- _Exercise aim_:
Copy everything in the listing below word for word, apart from any images.

- _Raw data_:
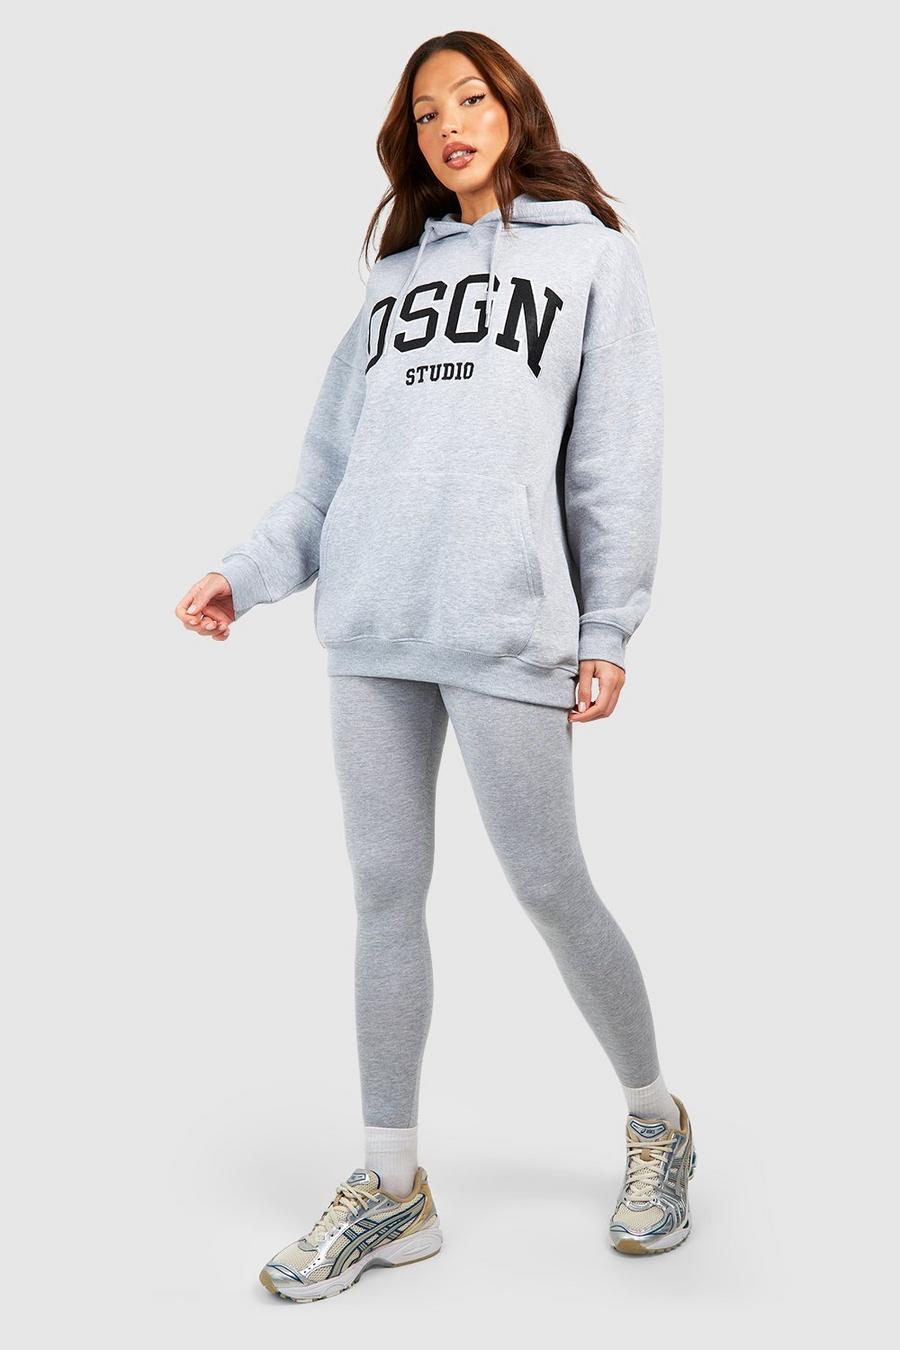 Grey marl Tall Dsgn Studio Emroidered Hoodie And Legging Set image number 1
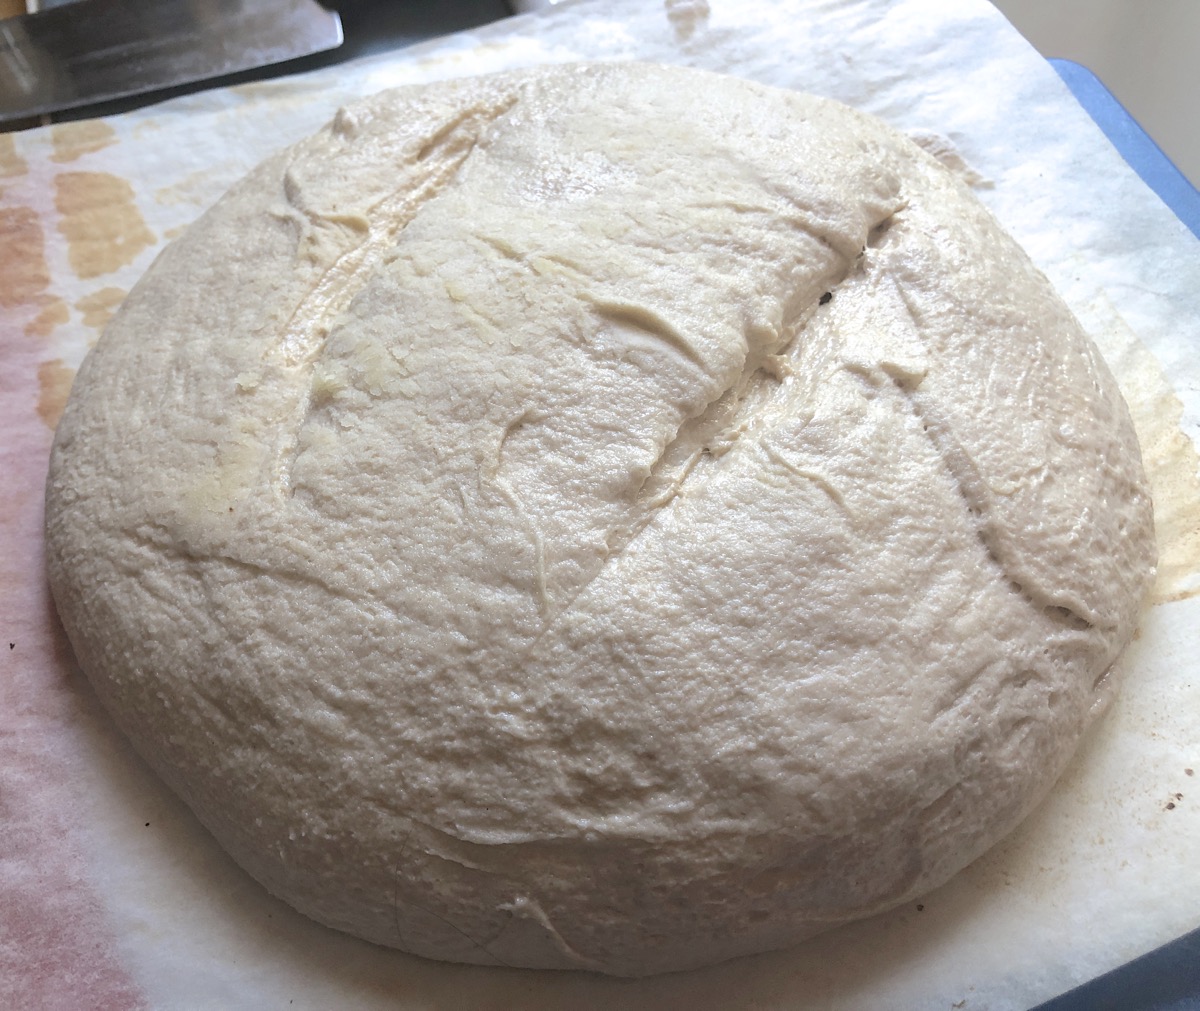 Large, round, flat loaf of bread, slashed and ready to bake.
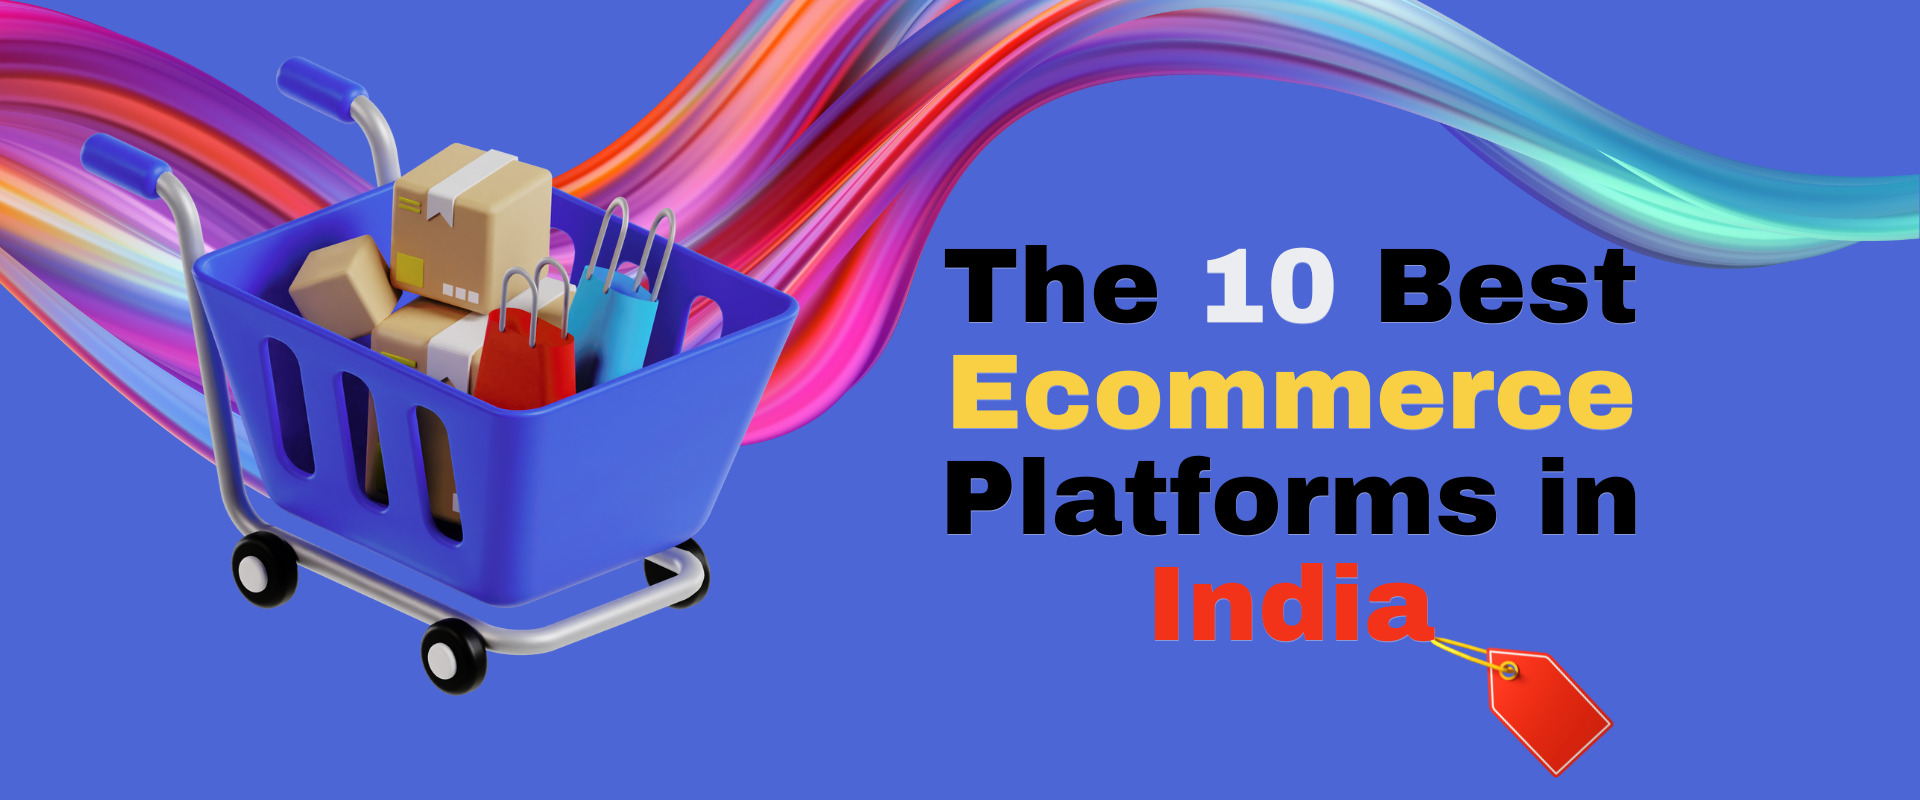 10 Best Ecommerce Platforms in India

- _Reply to the task_:
 Grey marl Tall Dsgn Studio Emroidered Hoodie And Legging Set image number 1
 Large, round, flat loaf of bread, slashed and ready to bake.
 10 Best Ecommerce Platforms in India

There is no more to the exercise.